As said before, the first thing to do is to check if they are in the same plane.
But how to do it?...

In the following text, i consider A, B and C as the triangle points, P as the outside point and the notation XY means the vector from point X to point Y.

The idea do make an equation like ax + by + cz = d and then check if the point fits the equation seems nice.
But how to define the plane knowing the 3 points?
The easiest way is to make: AB x AC = normal (where x is a croos product (of cousre!))
This will give you the normal, the vector corresponding to the seeked values (a b c). to know d, just replace x, y and z by A''s coordinates. Then check if point P also fits the equation.

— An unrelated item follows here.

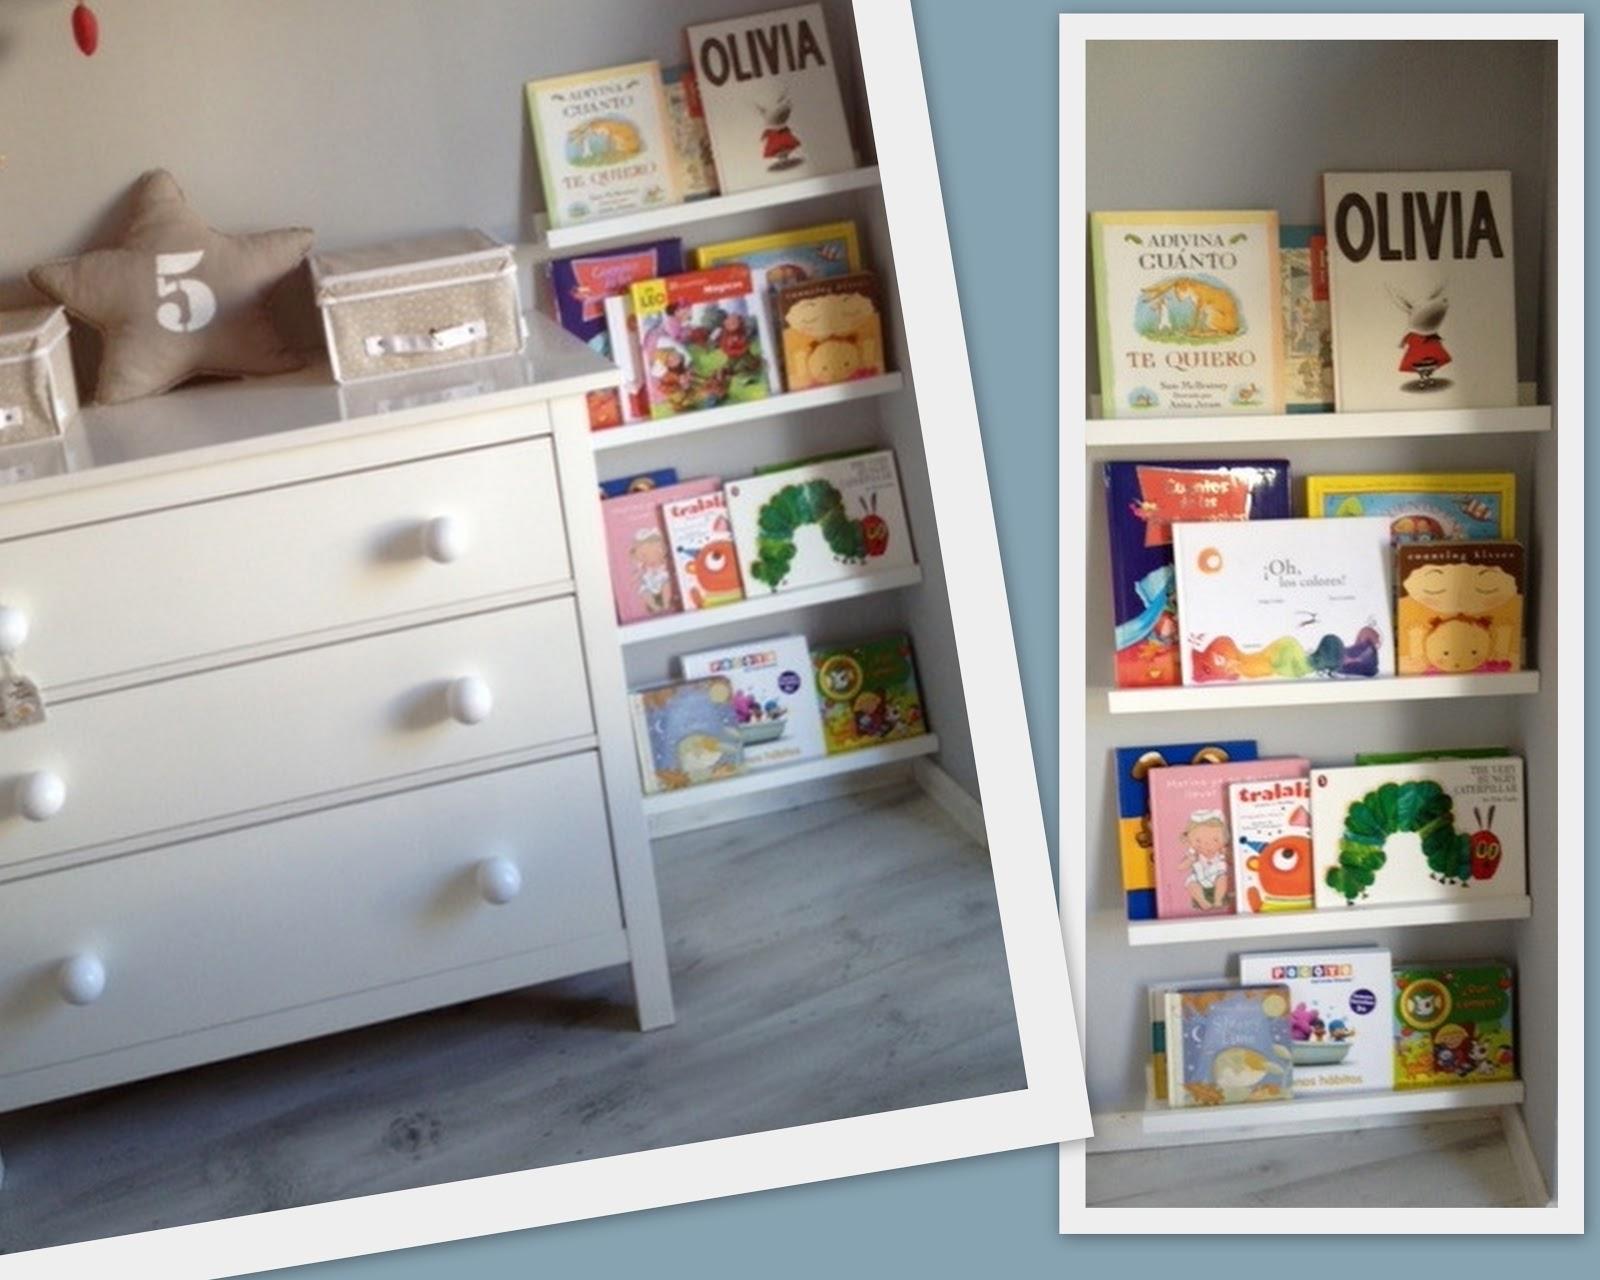 Vistiendo a olivia estanterias para libros - Estanteria para ropa ...

If the point is in the plane, the next thing to do is to find out if it lies in the triangle.
The proposal was to "flatten" the surface (and the point) with 3D coordinates into a surface with 2D coordinates and then check if it lies inside.
The question if the point lies inside or not (in 2D) is no problem since standart libraries do it for you, no need for advanced math nor algorithms, just inform you about the libs.
On the other side, how to "flatten" the triangle?
This means, you make an orthogonal projection on a plane.
Wich plane? the x-y plane? This is solved by simply removing the z component of the coordinates.
However, this solution isn''t so nice since it can lead to errors if the plane is "vertical", i mean orthogonal to the x-y plane.
Hmm, should we then make an orthogonal projection from the point on the triangle plane?
Then, we stay in 3D, an the problem of knowing if the point lies inside stays the same!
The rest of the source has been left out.